All people staff and contractors working in or for the business should be able to demonstrate they are competent for the role.

Here are some of the areas auditors will look for:

Competency objectives and targets are set for all organisational levels;
Management and staff development programs are in place;
A succession planning system is in place;
Competence requirements are set for contractors and temporary staff;
Periodic refresher training is provided;
Systematic cross-training and rotation of personnel are applied where feasible;
Feedback is in place to capture the views of personnel as well as interested parties;
A competency management process is in place that considers improvements

Continuity and business resilience what to consider? ▼

All business wants to continue when a disruption strikes and looks to have resilient processes for business continuity. maintaining and improving resilience relies on investment of all kinds, not just financial, in order to continue business during disruption

Here are some of the areas you should look for:

Are there plans for resilience to be measured?
Does the Incident Management structure and the response match a resilient approach
Are resilience objectives measurable and quantifiable?
Is risk mitigation more towards prevention than business continuity?
Are risks regularly reviewed to check if they align with the risk appetite?
Is there a post-disruption incident analysis?
Are amendments made to spend if the objective of managing risks is not met?
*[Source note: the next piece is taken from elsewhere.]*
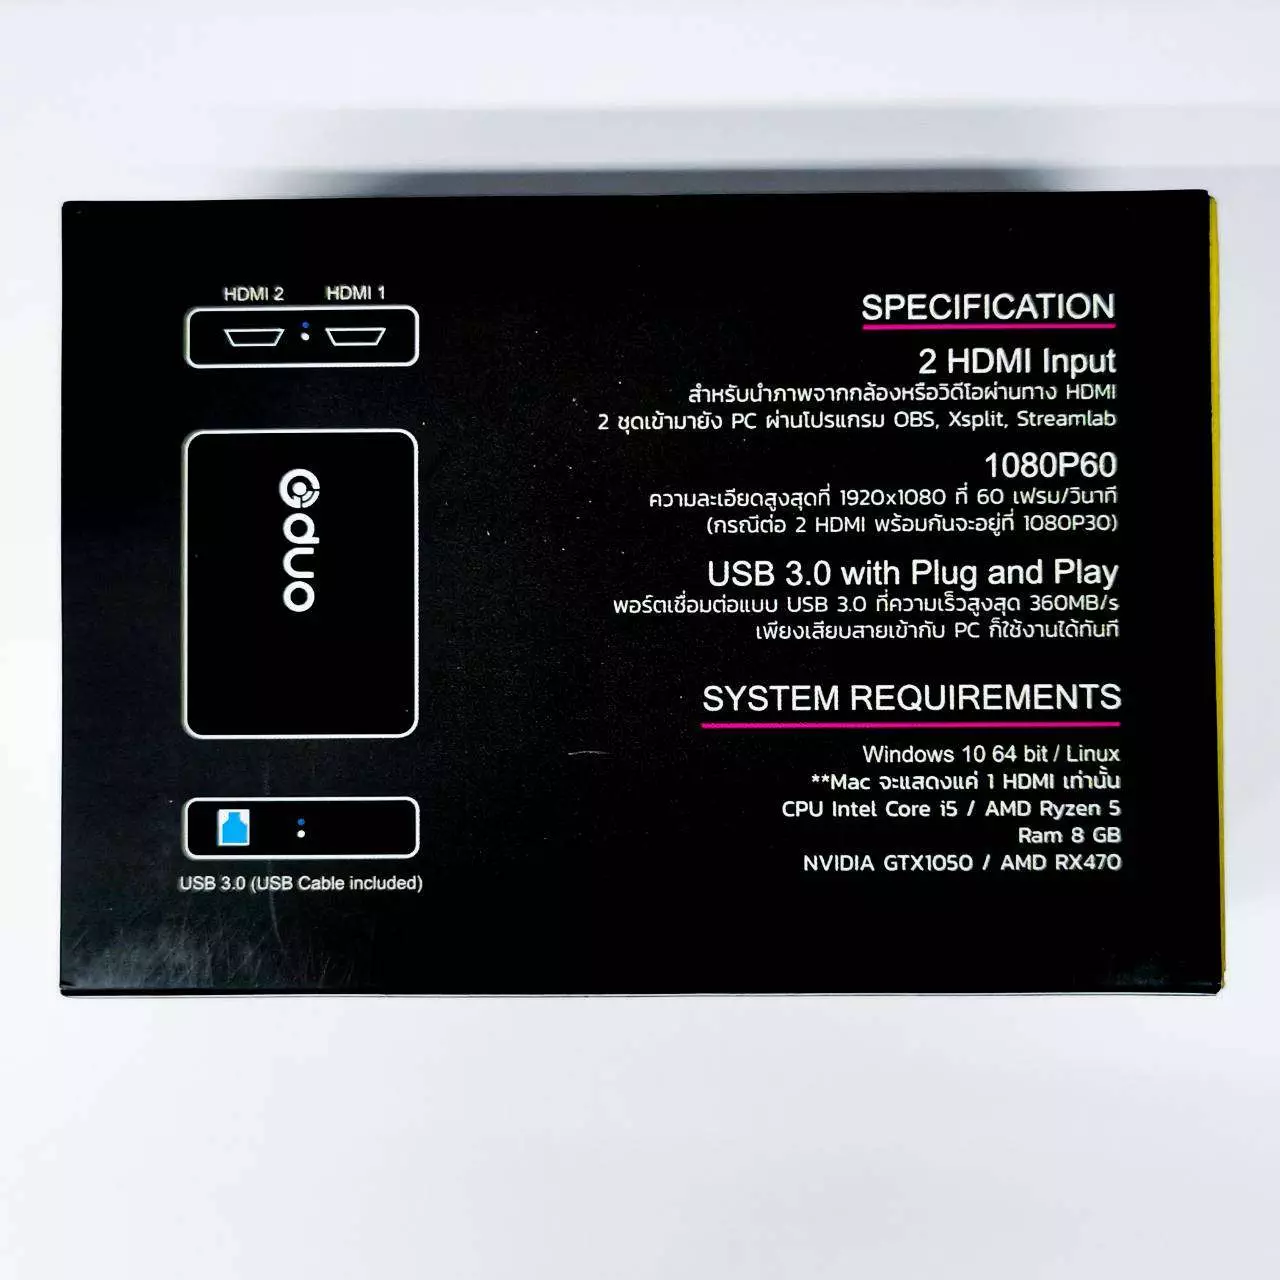 Gera DUO 2 HDMI USB3.0 Video Capture Card 1080P

Effective management of ISO 22301 risks? ▼

For any business management system, one of the critical areas that require addressing is the evaluation of both risks and opportunities to allow a business to increase its effectiveness and achieve its intended results.

So, what does a business need to consider:

Has the business stated the actions needed to address risks and opportunities?
Has the business determined the outputs required when setting objectives?
Has the business applied risk management to functions?
Has the business specified the methods to be used for risk identification?
Has the business stated using internal audits to review risks and opportunities?
Does the business share best practices for managing risk?

Where does business continuity planning belong? ▼

Under ISO 22031, business continuity belongs to top management and keeps consistent with business strategy and direction. It does not mean that a junior staff member cannot be responsible for maintaining business continuity.

Some would say that ownership depends on key departments; inevitably, the Directors or Board have to take ownership and provide reassurance to stakeholders.